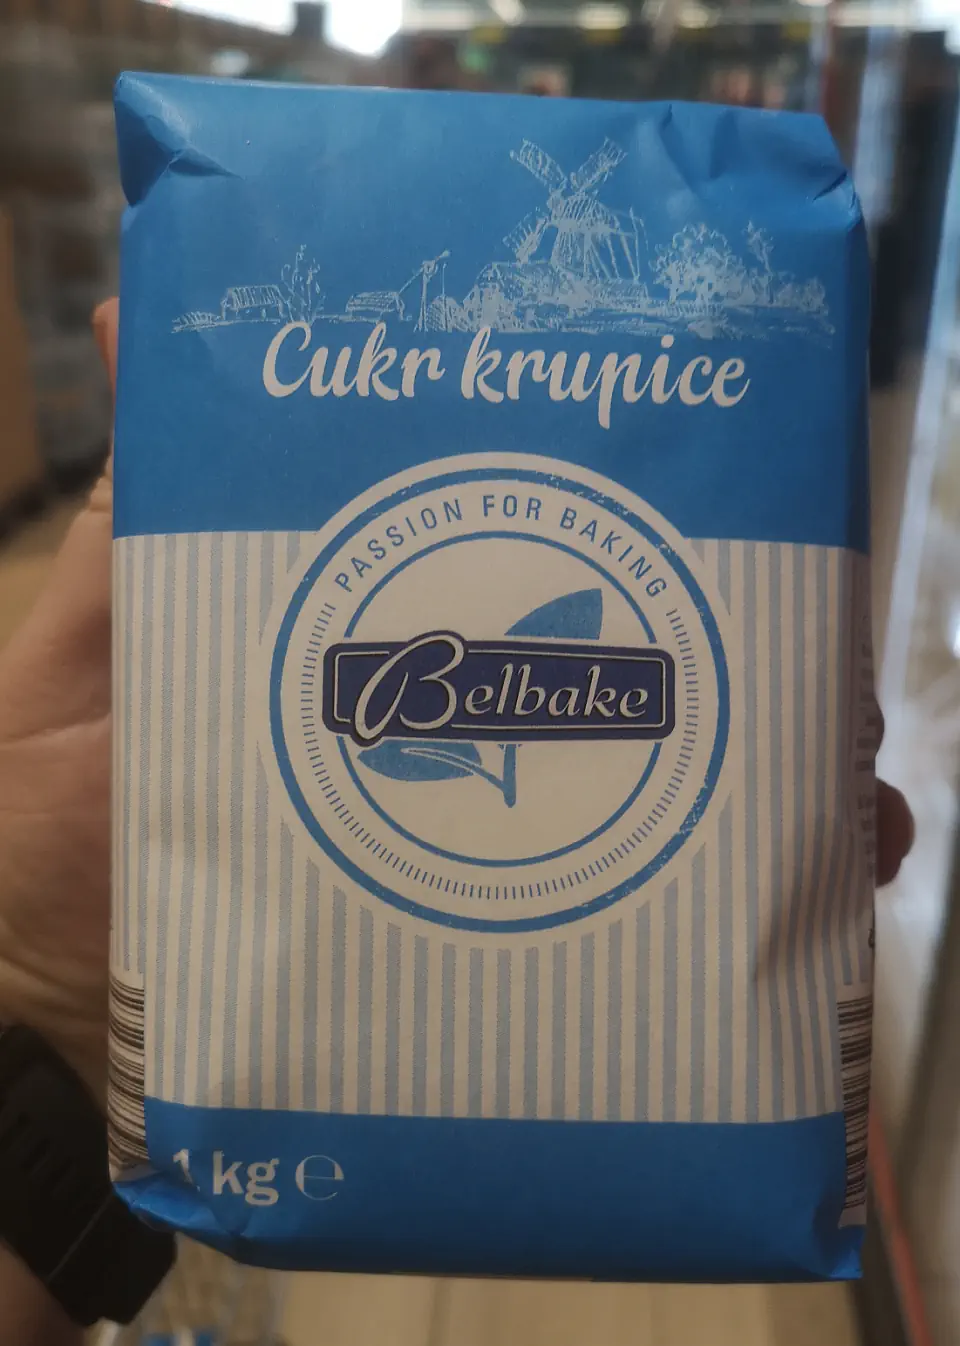 Cukr krupice Belbake
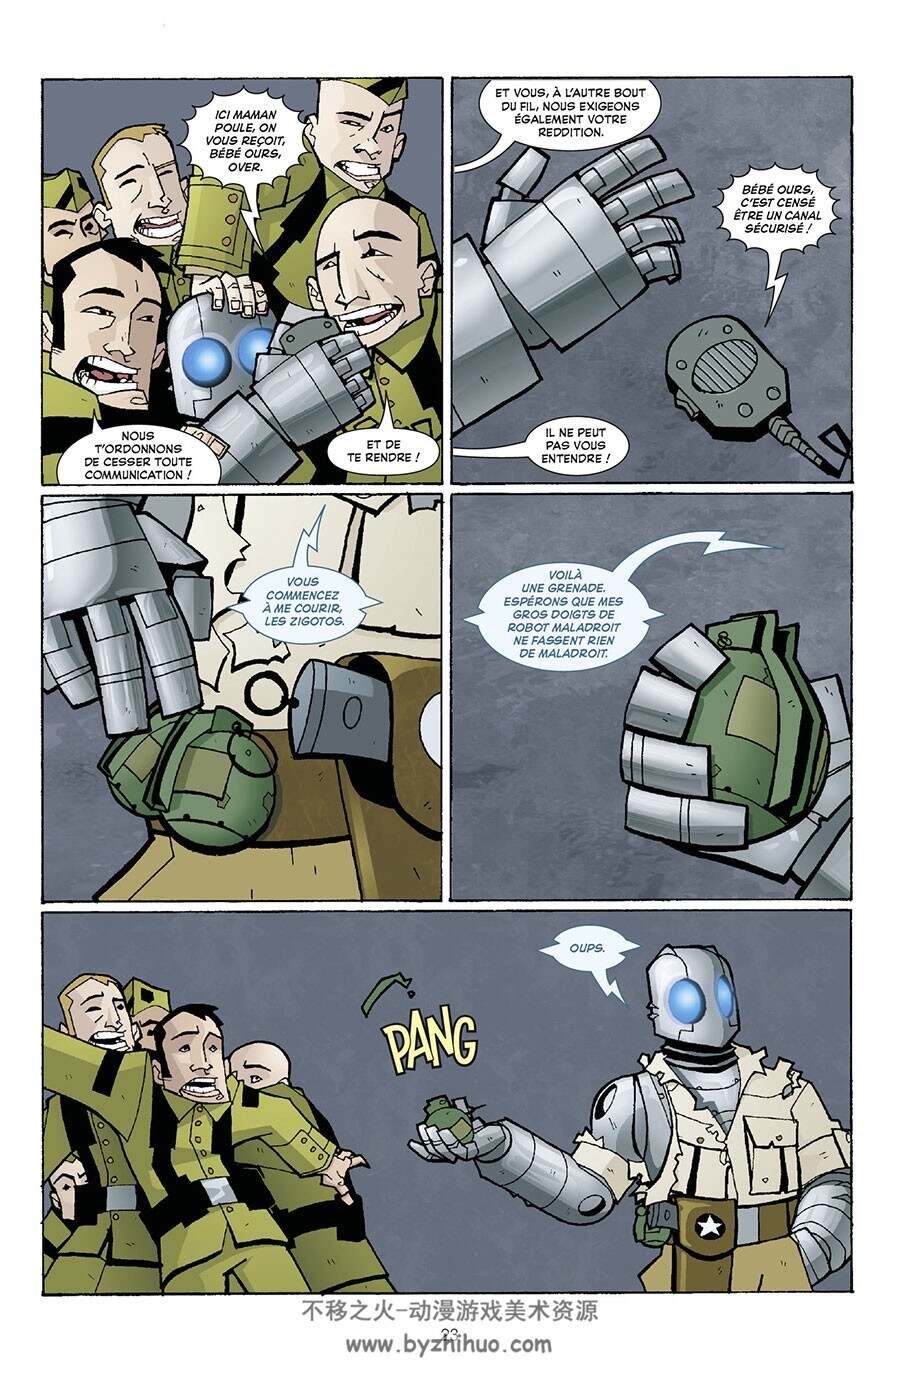 Atomic Robo - La science est un combat 第一册 Brian Clevinger - Scott Wegener - Bas
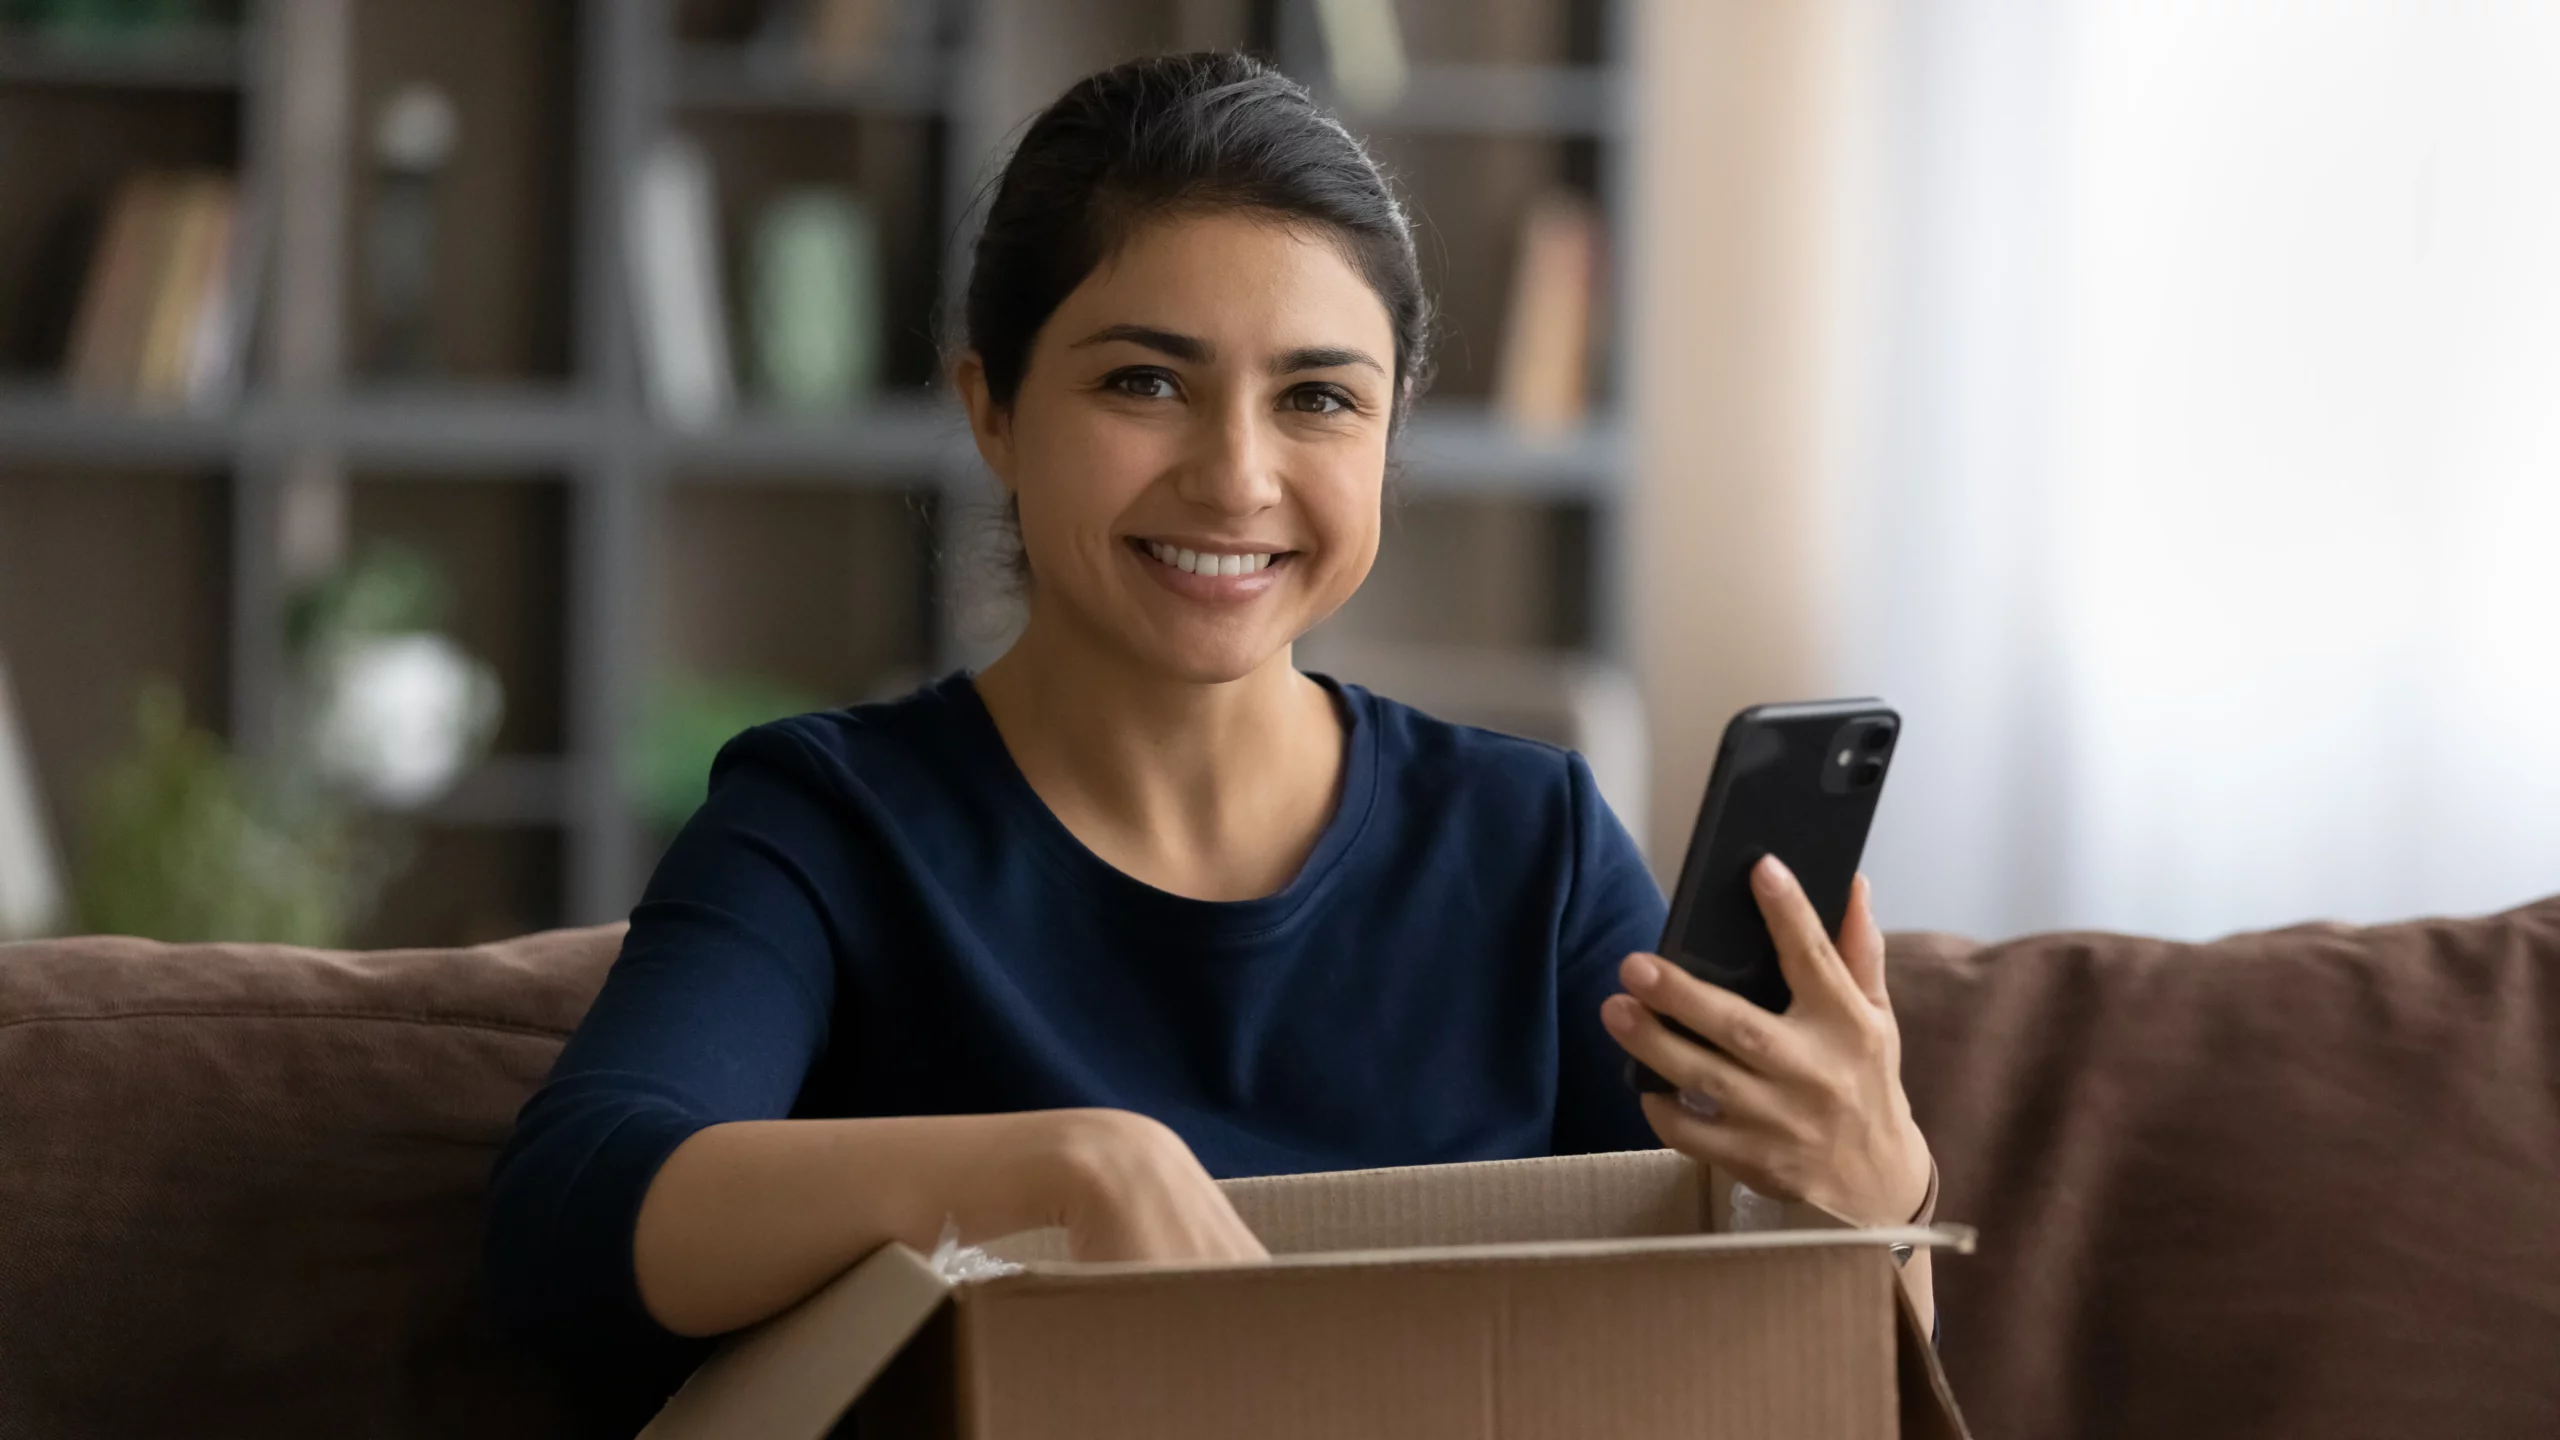 mujer sonriente sosteniendo un teléfono con la otra mano dentro de una caja de cartón abierta

> **WORK INSTRUCTIONS**: Transcribe the listing verbatim, pictures excluded.

> **WRITTEN SOLUTION**:
 Cukr krupice Belbake
 Atomic Robo - La science est un combat 第一册 Brian Clevinger - Scott Wegener - Bas
 mujer sonriente sosteniendo un teléfono con la otra mano dentro de una caja de cartón abierta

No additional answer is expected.